Yeah but I dont want small ones.. does Walmart carry ones bigger than quart size??


----------



## nickyp0

yup i have gotten i think it holds about three pounds of food and clear the only thing is that it will have pics of the store on it


----------



## Johnald Chaffinch

they sell a massive selection of em at a DIY / tool shop near me ( i dont know why )


----------



## Geckospot

I found some large, gallon size plastic jars at the dollar store. The only problem is they're not clear. They're opaque.

www.Geckospot.com


----------



## Rick

http://www.superiorenterprise.com/ Is where I get mine.


----------



## Jodokohajjio

Not sure if this is the size you're looking for, but if you search ebay for "mason jar" you should find some decent sized glass jars--they might even come with lids!
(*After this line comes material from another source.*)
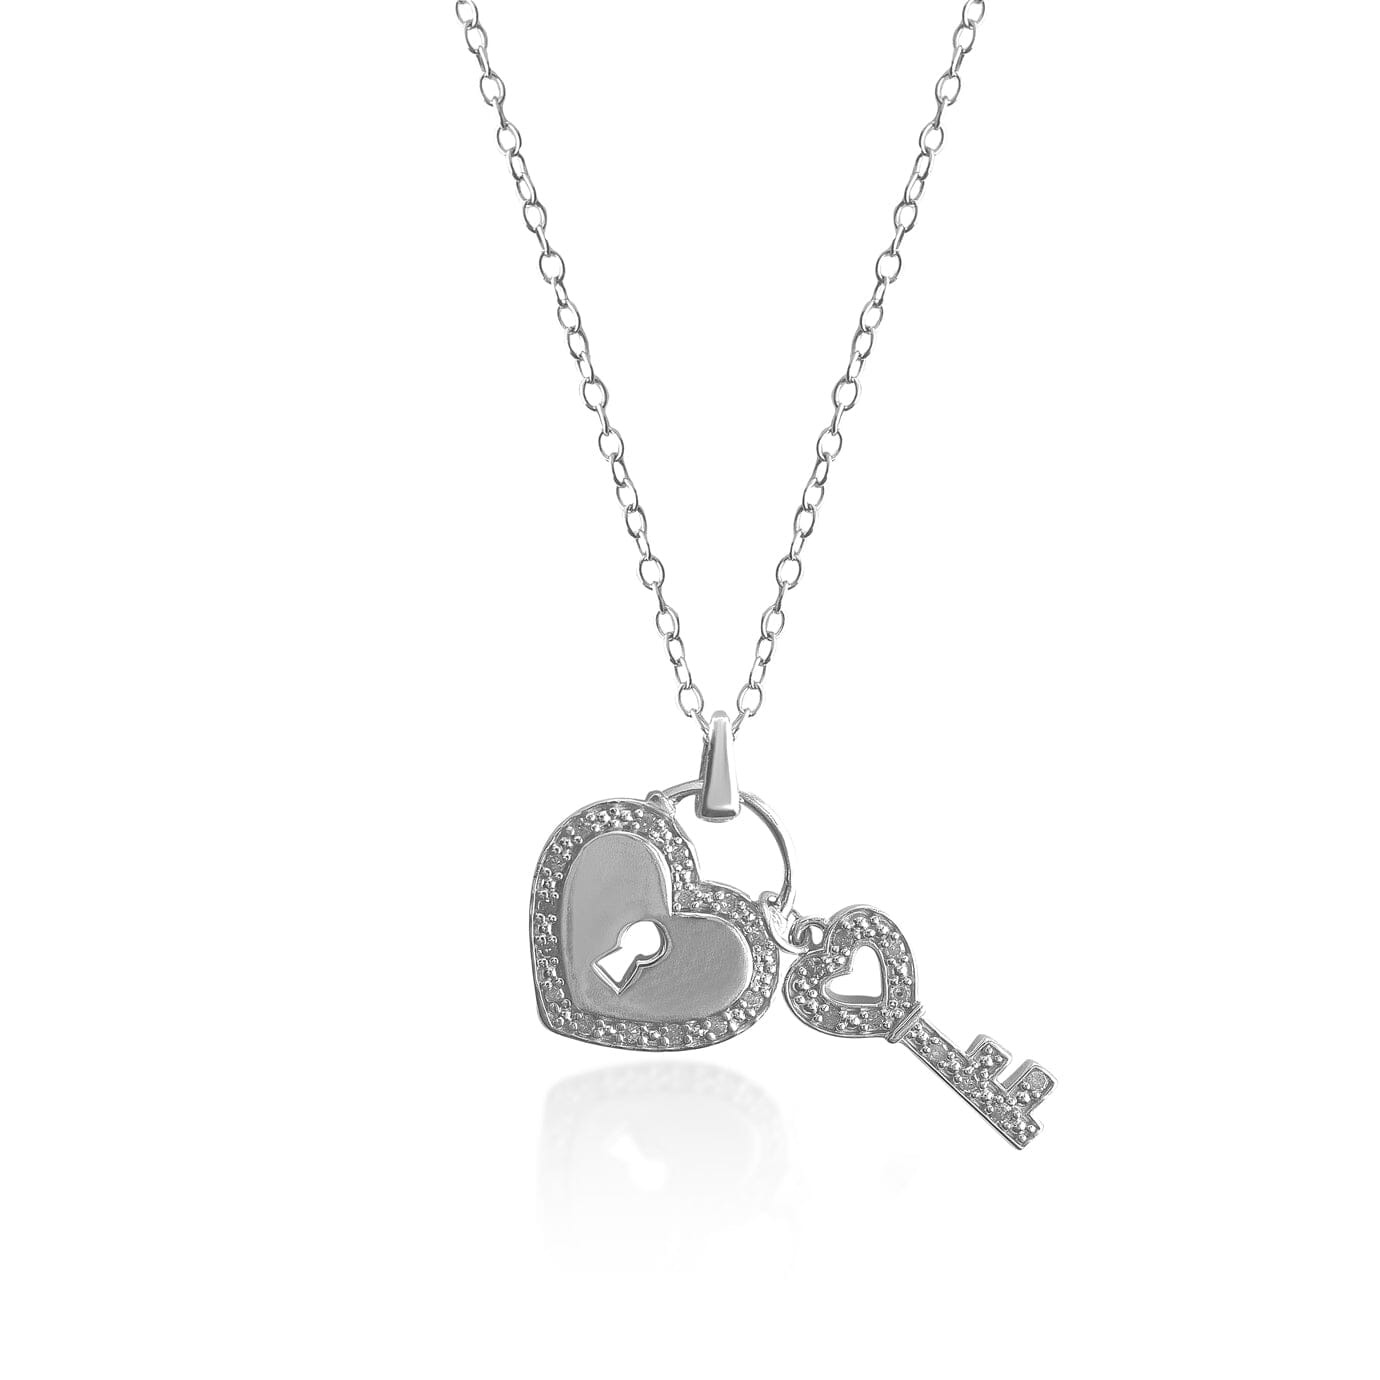 Lock & Key Charm Necklace

Otherwise, I'd look in the "Kitchen" section under "Home &amp; Garden". This link should take you to it: http://home.listings.ebay.com/Kitchen_W0QQ...HomeTextNonFeat


----------



## DeShawn

You looking for clear cups or does it matter?


----------



## micheleinvirginia

I wanted ones that are crystal clear like Superior Enterprise, but for now I am using some plastic jars from Walmart for the smaller guys and cheesy poof containers for the big guys. I want them to look AWESOME. Perfect clarity and no writing. Cant seem to find any though so I have given up looking.


----------



## Tapos

i go to the dollar store and get clear tall food containers, then cut a window and hot glue screen over it. or go to price/cost co or sam's and get large pretzels, eat them and use the container, large plastic peanut jars work also.


----------